# Wuz up bruh's



## smittyrock76 (Jul 22, 2014)

I am brother Bruce, I hail from Platte City #504, greetings to all my fellow brothers. 


Sent From My Freemasonry Pro App


----------



## Companion Joe (Jul 23, 2014)

Welcome Brother Bruce, but let me be perfectly honest; speaking only for myself and by way of good and wholesome instruction, introducing yourself to Masons for the first as if you were an adolescent or on a beer commercial is not the best way to go about it. If someone walked into my Lodge and said "Wuz up bruhs?" I would ask them if they were certain they were in the correct place.


----------



## Sammcd (Jul 23, 2014)

Welcome Brother


Sent From My Freemasonry Pro App


----------



## KSigMason (Jul 23, 2014)

Greetings and welcome aboard!!


----------



## smittyrock76 (Jul 27, 2014)

Thanks for all your welcomes,  today I was raised.

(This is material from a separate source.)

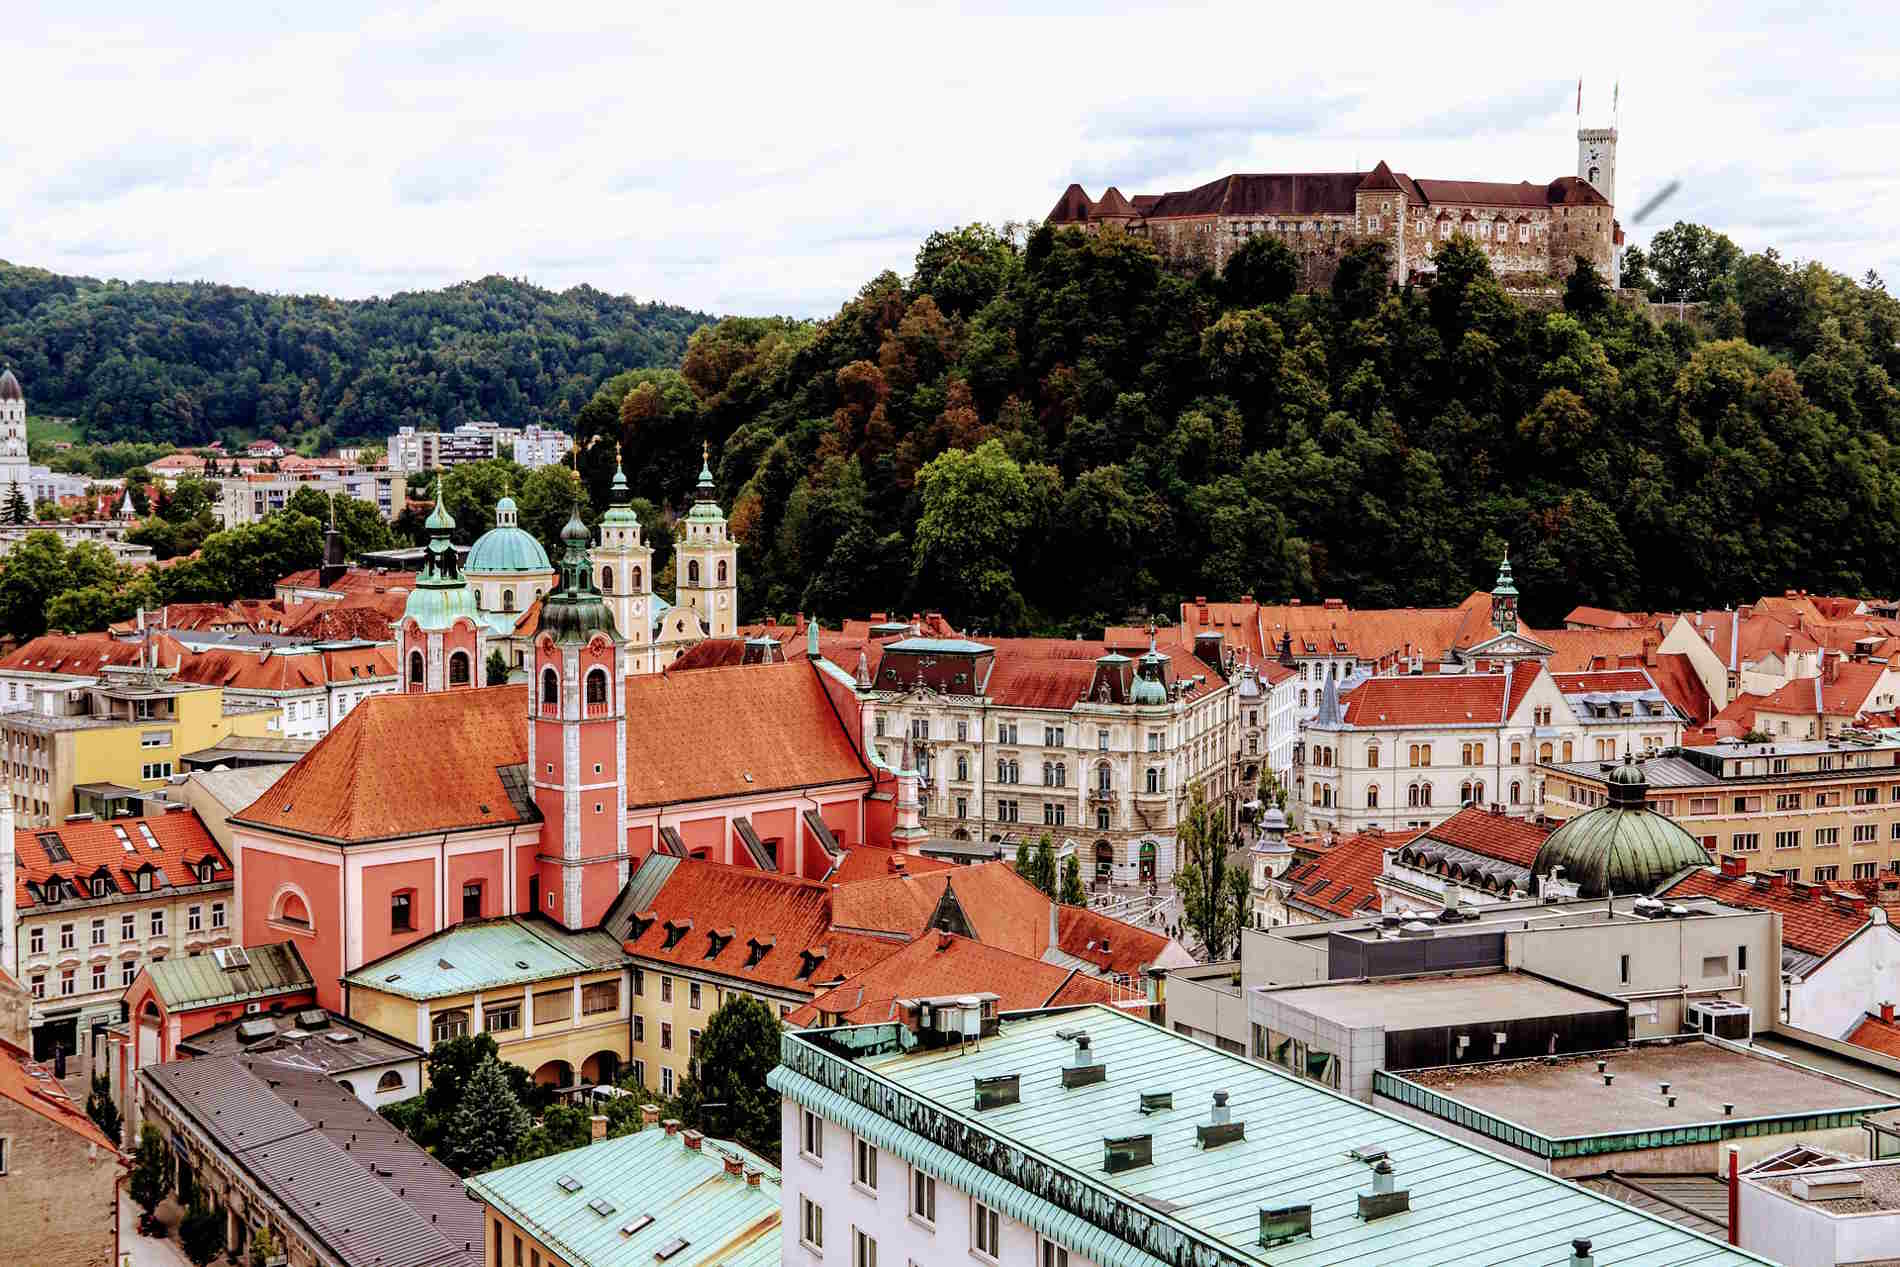 Centro storico di Ljubljana (Lubiana) in Slovenia

Sent From My Freemasonry Pro App


----------



## Warrior1256 (Aug 31, 2014)

smittyrock76 said:


> Thanks for all your welcomes,  today I was raised.
> 
> 
> Sent From My Freemasonry Pro App


Congratulations brother, I was raised the 4th of this month.


----------



## Levelhead (Sep 1, 2014)

Congratulations !


----------



## Bro. Stewart P.M. (Sep 6, 2014)

Welcome!


----------